Thousands had come to greet her as she passed through the lobby to cheering and the tossing of yellow roses, her signature flower. It was a shame, Attiah thought, that Dr. Adeyemi, a prominent Christian, had been forced to travel with such a large group of armed security guards, due to a fatwa, death threats, and even an assassination attempt.
Attiah had helped keep the respectful crowd in check behind velvet ropes as Dr. Adeyemi had passed through. She had been inside the hall now for an hour, giving a speech on HIV/AIDS and pleading for more funding from world governments for the string of HIV clinics she had established across West Africa. He couldn’t see her, but the speech was being broadcast live into the lobby for the general public to listen. Adeyemi spoke eloquently in English about the work of her clinics and the remarkable decline in new HIV infections due to her organization’s efforts. Thousands of lives had been spared because of her clinics, which provided not just lifesaving drugs but also educational programs. All this, however, had made her a target of Boko Haram, who claimed that her clinics were a Western plot to sterilize Muslim women, and who had bombed several of them.
The General Assembly loved the speech, interrupting many times to applaud. Here was something purely good, Attiah thought; something every nation could agree on.
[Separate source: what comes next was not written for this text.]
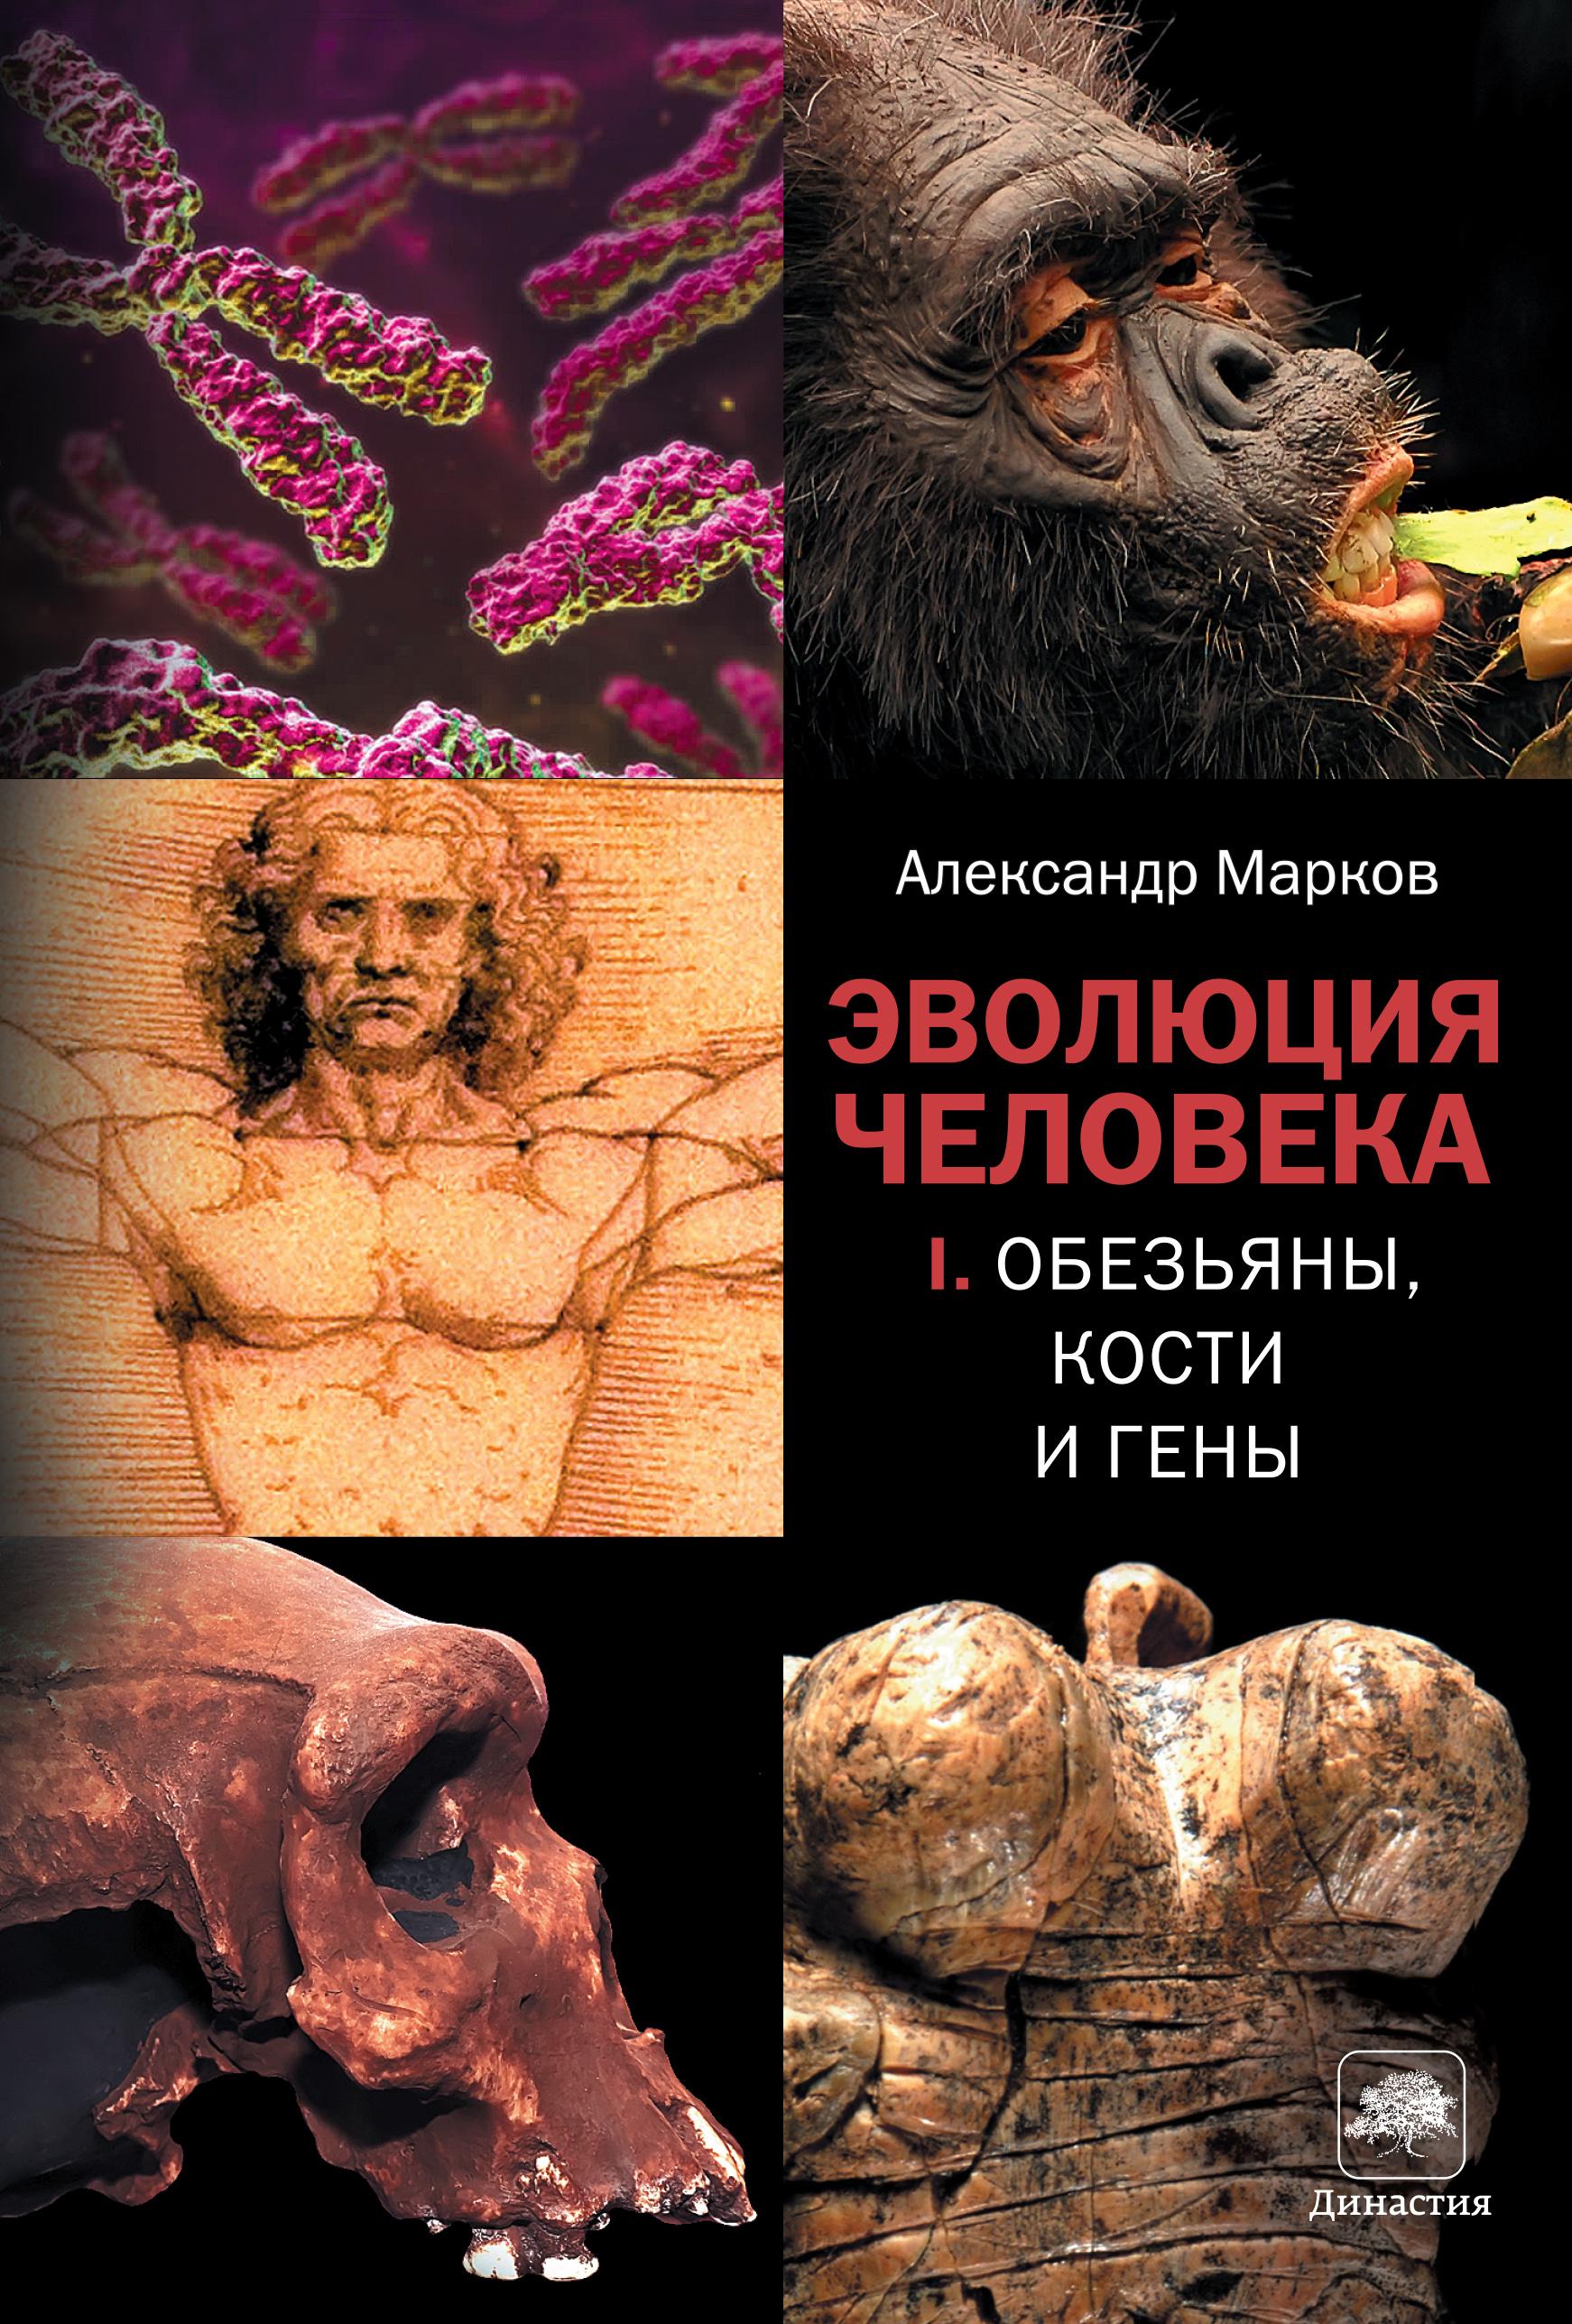 Александр Марков Обезьяны, кости и гены александр марков эволюция человека [в 2 кн ] кн 1 обезьяны кости и гены

Attiah could hear the speech winding up. Now Dr. Adeyemi’s vibrant voice was reaching a crescendo of expression, calling on the world to pledge to eradicate HIV/AIDS as it had smallpox. It was possible. It would take money, dedication, and education on the part of the governments of the world — but it was within reach.
More cheering, and she concluded to a rousing standing ovation. Attiah braced himself for the surge about to enter the lobby. Soon the doors opened and the foreign delegations, dignitaries, press, and guests streamed out, followed by Adeyemi and her entourage of Nigerian politicians, doctors, and social workers. The group was surrounded by her security contingent. What a world this was, Attiah thought, that even a saint such as her had enemies. But that was the way it was, and the security around her was tight as a drum, even on top of the United Nations’ highly trained DSS.